# Could someone explain cattle prices?



## Stretch

I want to eventually get into cattle farming and have been doing a lot of research lately.

One thing I can't figure out is when I hear or read about "live cattle" prices that are $70, I know they aren't selling the whole cow for $70.

Just how much exactly is the cattle farmer getting for a 1200 pound cow?

Any help would be much appreciated, I'm stumped.


----------



## swmnhay

$70 per 100 lbs.

So a 1200 lb animal would be $840

or .70 per lb.


----------



## Stretch

Thanks swmnhay!


----------



## Stretch

It seems like hay is a much more lucrative business than cattle


----------



## swmnhay

Stretch said:


> It seems like hay is a much more lucrative business than cattle


I do both.I don't like all my eggs in 1 basket.Cattle are a good way to get rid of oops bales.I might feed 10% of my hay and sell the rest.


----------



## mlappin

swmnhay said:


> I do both.I don't like all my eggs in 1 basket.Cattle are a good way to get rid of oops bales.I might feed 10% of my hay and sell the rest.


This^^, I have a good reputation for always hauling very nice hay to the auctions. The reason for that is I have at any one time 60-75 garbage disposals wandering around. Also hate store bought meat, just not the same as raising it yourself. If folks never see your oops bales, then from my experience they seem to pay more as they think you never have any oops.


----------



## baddog201

i do the same i have 50 brood garbage disposals thats a good term from them and usually around 100 with steers and everything around here and they get my junk hay or my silage bales which is actually really high quailtiy but it is hard to find a market for those. I also mix some cornstalk bales into their diet sometimes to. I got a buddy who lets me use thier tmr mixer that grinds up rounds and i will mix up a bale of cornstalks and bale of silage hay and its really cheap feed for them


----------



## downtownjr

Have to agree with not having all the eggs in one basket...lots of cheap hay around here...so I bought some more cattle last Friday.

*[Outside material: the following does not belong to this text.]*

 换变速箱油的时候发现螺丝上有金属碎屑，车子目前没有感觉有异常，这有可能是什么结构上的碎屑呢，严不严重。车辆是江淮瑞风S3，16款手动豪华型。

I bought some real nice 5x6 bales alfalfa and OG for just $25 a bale. I sold the best second and third cut we small squared...not a lot this year to some horse folks, which is a lot smaller market than it was a few years back. Pretty happy with what I bought, not worth making my own for that big of bale with good feed value in my opinion. Cattle have been good to me this year, although I do not have a lot. Hay so-so. First cut took a bath. Good luck and I would recommend you don't overdo it. I did overdo it last year with all I have going and about did again this year. Was to much...dropped it a little over a third of mine and custom for this year...dropping a bit more next year...putting out some more beans and increasing the cattle. Found out I am not as young as I used to be.


----------



## swmnhay

Yep cheap hay here too.Especially for med to poor hay.So what do we do?









Redoing my feedlot and putting up cattle shed.Make things easier especially in the winter.Few more head of cattle to eat a little more hay.

Went in with a "group" and filling a 800 hd feedyard.I'll be suppling all the hay for that.









So hopefully I will make more putting it threw cattle.


----------